Putra remaja rocker Toronto menciptakan musik di blockchain

Para kreatif muda yang memposting gerakan tarian koreografer dan pertunjukan lainnya di TikTok membagikan konten dengan kecepatan eksponensial dibandingkan dengan seniman generasi sebelumnya, dan Maidas ingin memastikan mereka mendapatkan bayaran untuk karya asli mereka.

“Anak-anak tidak menyadari bahwa Anda mengirimkan salah satu memo suara Anda dan seseorang dapat pergi dan mencurinya sekarang,” kata Rowan Maida, putra penyanyi / penulis lagu Raine Maida yang berusia 17 tahun dari band alt-rock Toronto Our Lady Peace dan Chantal Kreviazuk, juga seorang penyanyi / penulis lagu yang karyanya telah muncul di berbagai soundtrack.

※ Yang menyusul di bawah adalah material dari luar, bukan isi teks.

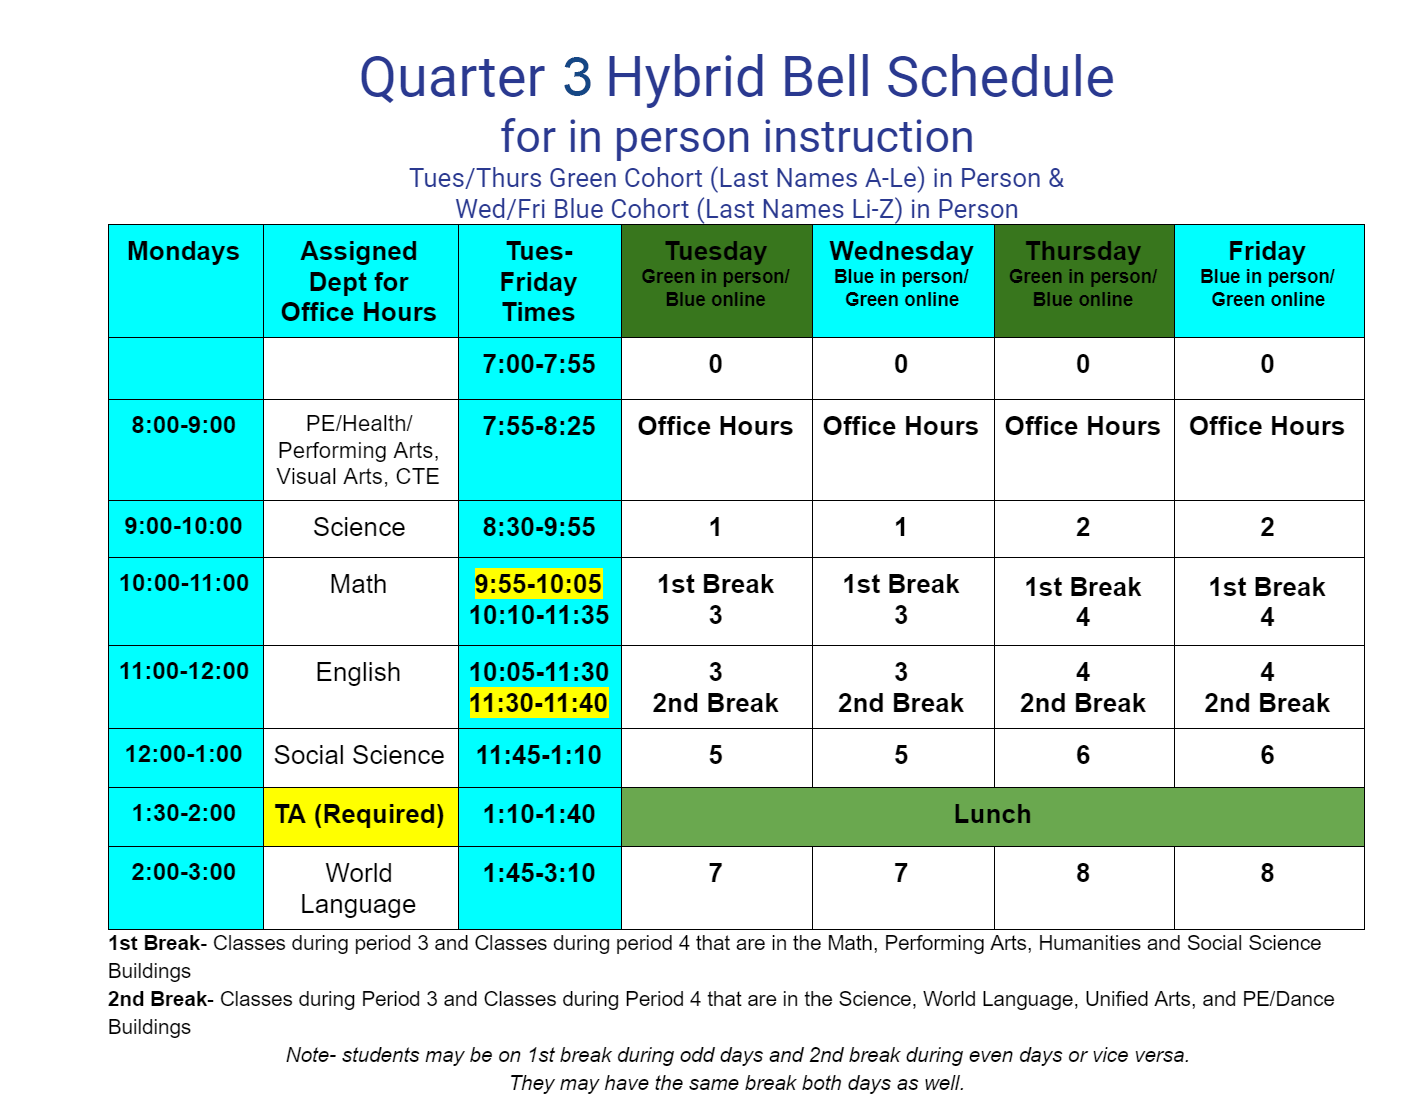 Q3 Regular Schedule

Pandemi COVID-19 hanya memicu ledakan media sosial, di mana musisi, fotografer, dan artis lainnya merekam dan mengunggah riff dan ayat serta karya portofolio secara terus-menerus, berbagi dan menanggapi rekan dan penggemar dalam budaya bebas untuk semua.

Raine dan Rowan – musisi pemula dan pemain bola basket menjanjikan yang telah menemukan daya tarik dengan profil TikToknya sendiri yang menampilkan dia bermain piano dan bernyanyi dengan Kreviazuk, bermain duet dengan pengguna lain dan konten irisan kehidupan remaja lainnya – katakan mereka tahu dulu -tangan tentang ide-ide yang dicuri.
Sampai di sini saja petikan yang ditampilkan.